Microsoft Security Executive Promises Improvements
Concerns raised about increasing number of threats
July 31, 2000 12:00 PM ETComputerworld -
Pittsburgh
The man who receives more complaints about the security of Microsoft Corp.'s software than anyone on the planet declared here last week that the company's products are improving in quality and will continue to become more secure.
In particular, Whistler, the planned next version of Windows 2000 for business users and consumers, is due to show the results of several security-improvement initiatives that are now in the works at Microsoft when it becomes available next year, said Steve Lipner, manager of the company's Security Response Center.

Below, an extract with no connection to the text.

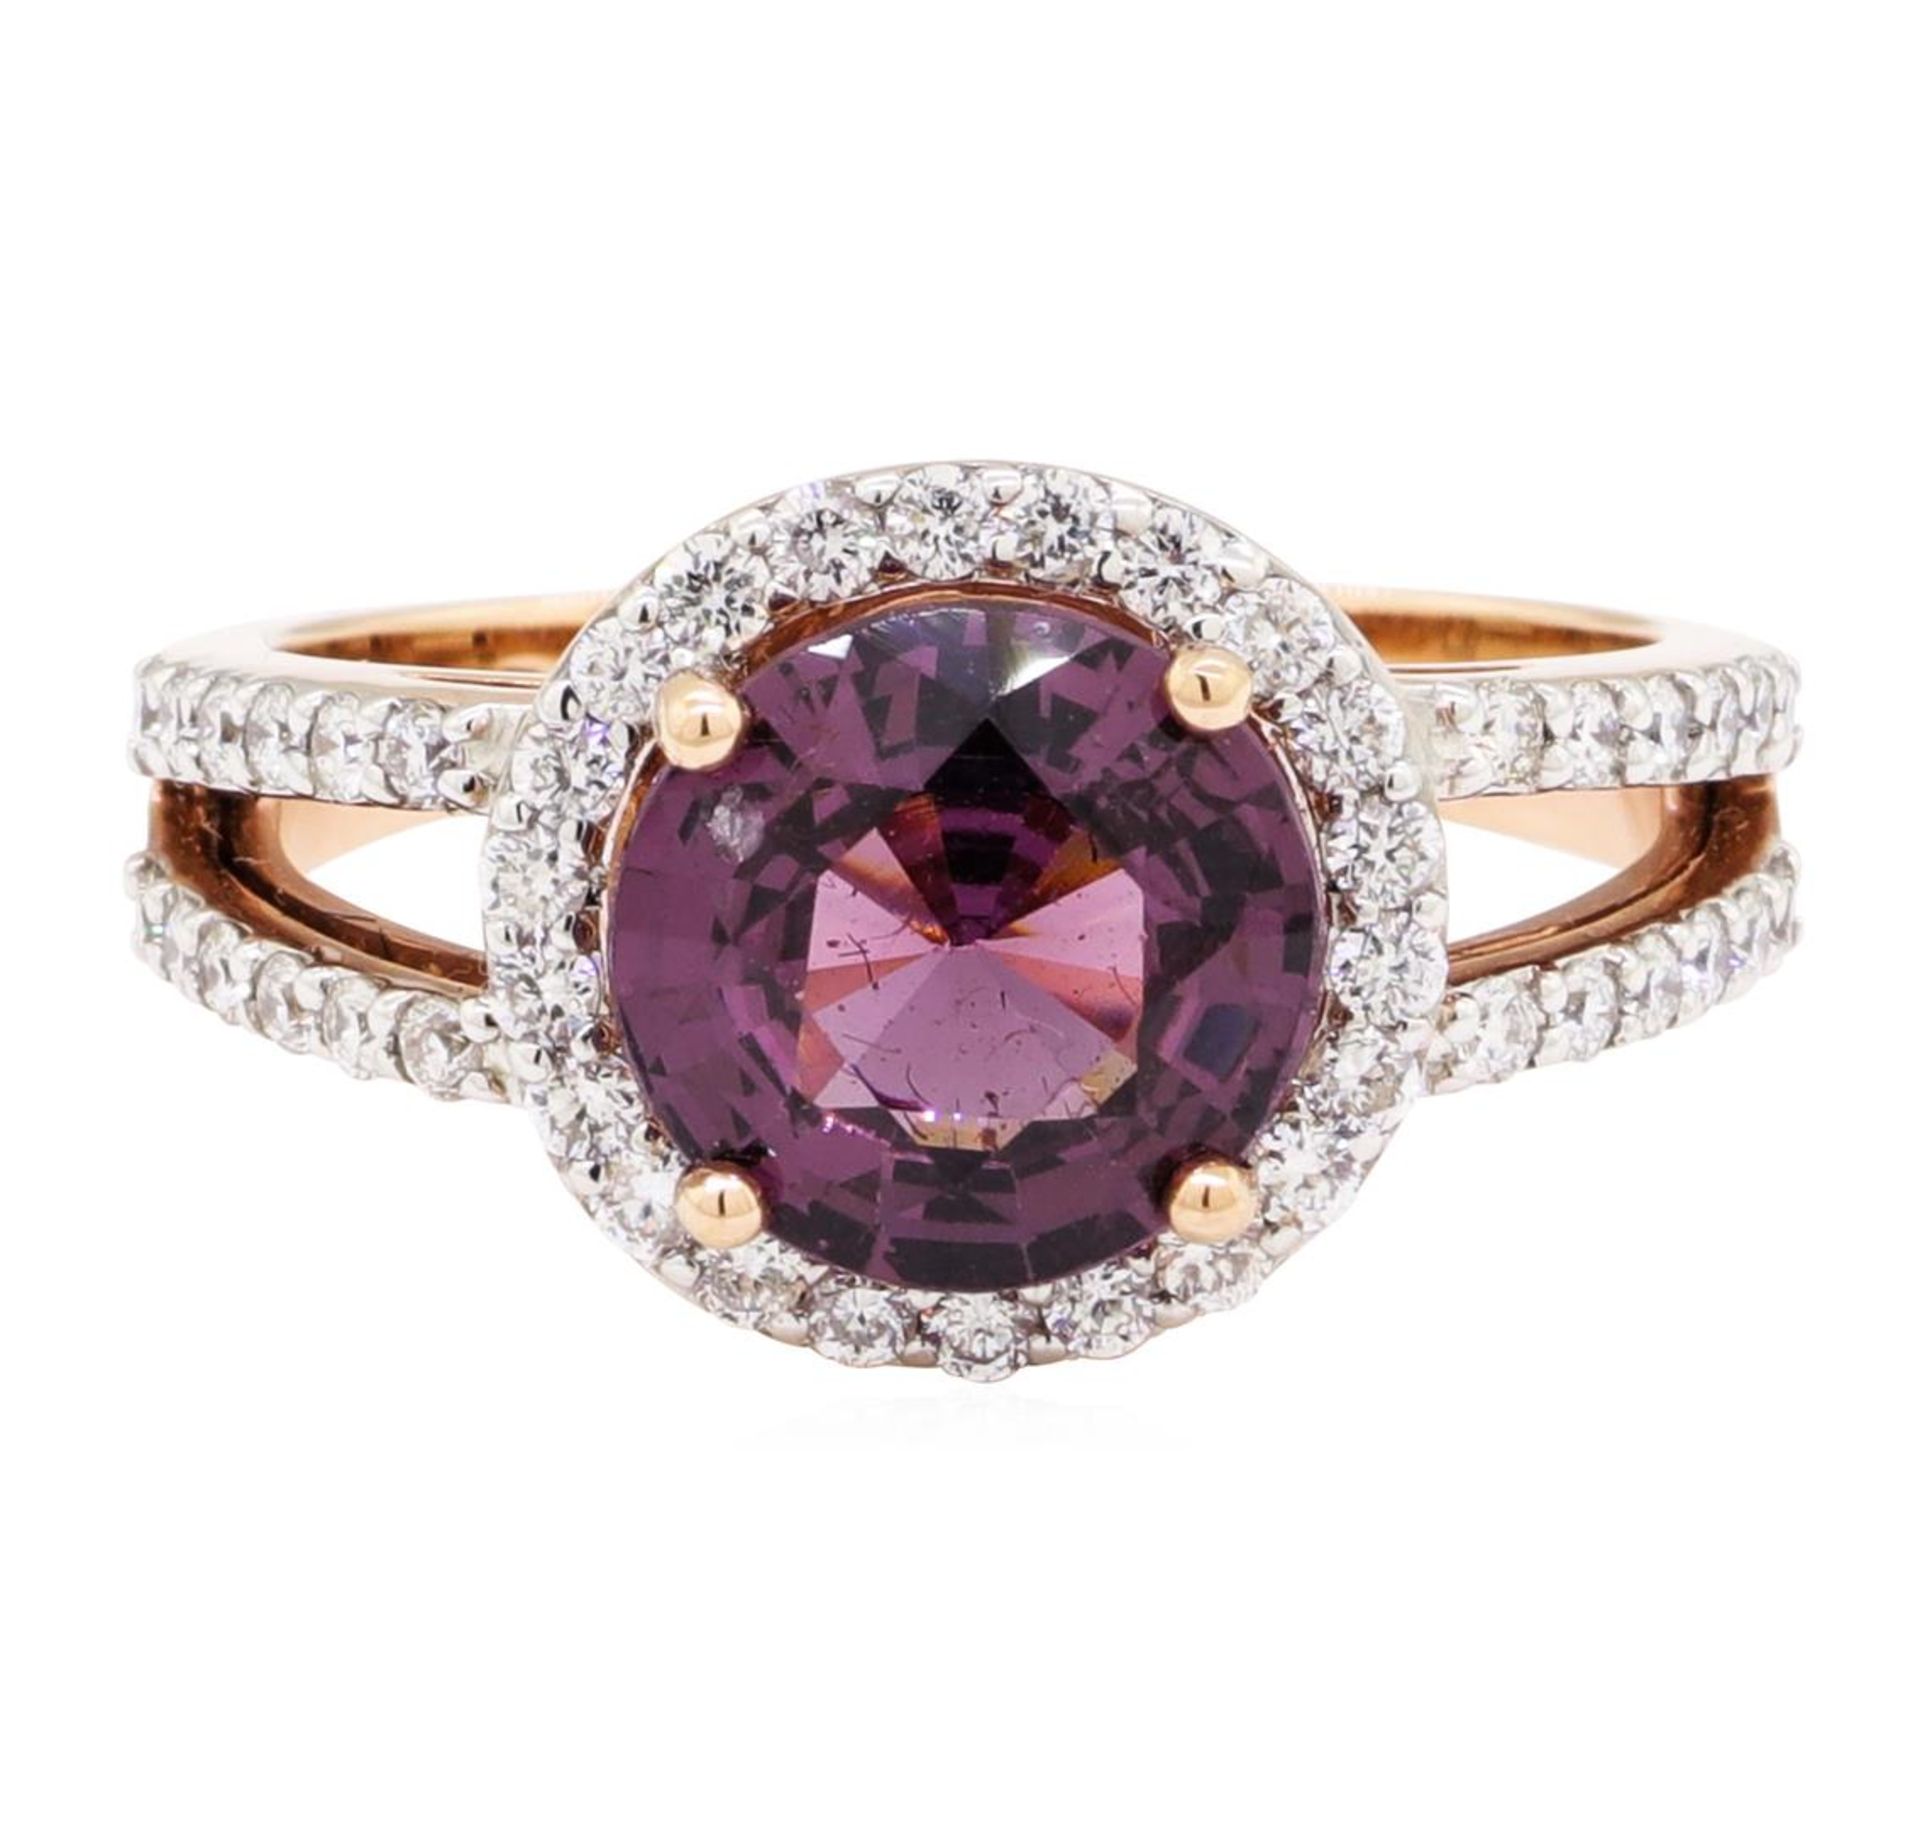 2.94 ctw Round Mixed Lavender Spinel And Round Brilliant Cut Diamond Ring - 14KT - Image 2 of 5

Lipner's comments at a security summit for officials in industry, government and academia come in the wake of a series of disclosures about security holes in Microsoft's products. For example, Microsoft said it is working to fix potentially dangerous holes in both its Outlook e-mail software and its Internet Explorer browser [News, July 24].
Lipner told attendees at the Cyber Security Summit, sponsored by Carnegie Mellon University's Institute for Survivable Systems, that the Microsoft response center typically receives 10 to 100 messages a day from users reporting security problems. "But recently, it's been closer to 100," he said.
He added, though, that the complaints often are about hacks that could have been prevented had users downloaded software patches published months - and sometimes years - earlier. Asked about the future of Microsoft products, Lipner said, "Believe it or not, I see fewer vulnerabilities and problems ahead" because of the work of external security researchers and Microsoft's product developers.
Nonetheless, other speakers at the conference sounded a consistently pessimistic note about the escalating threats to computer security from viruses, denial-of-service attacks and the like - and about the technology industry's failure to get on top of the problem thus far.
Dave McCurdy, president of the Electronic Industries Alliance in Arlington, Va., sat on a panel with Lipner and said he's not convinced the situation is improving. "Steve, I don't necessarily agree with you that security is going to get better," McCurdy said. "Maybe at Microsoft it will get better."
And without singling out any vendor, Mike Jacobs, deputy director of the National Security Agency, said users "need more secure and stable operating systems" in order to better protect themselves from malicious attackers.
"It's in the realm of operating systems that the most troublesome problems exist," Jacobs said, noting that safeguards such as firewalls and encryption can fail if operating systems are flawed. But fully securing operating systems remains "an elusive goal," he added.
Some attendees called for Microsoft and others to open all sourcecode for inspection, saying that's the only way users can have total confidence in the security of a software product. But Lipner said Microsoft is "not going to give up our intellectual property."
However, Lipner added, the number of universities that have been given Windows source code for security reviews has almost doubled in the past year to about 140 - and that's a trend that will continue, he said.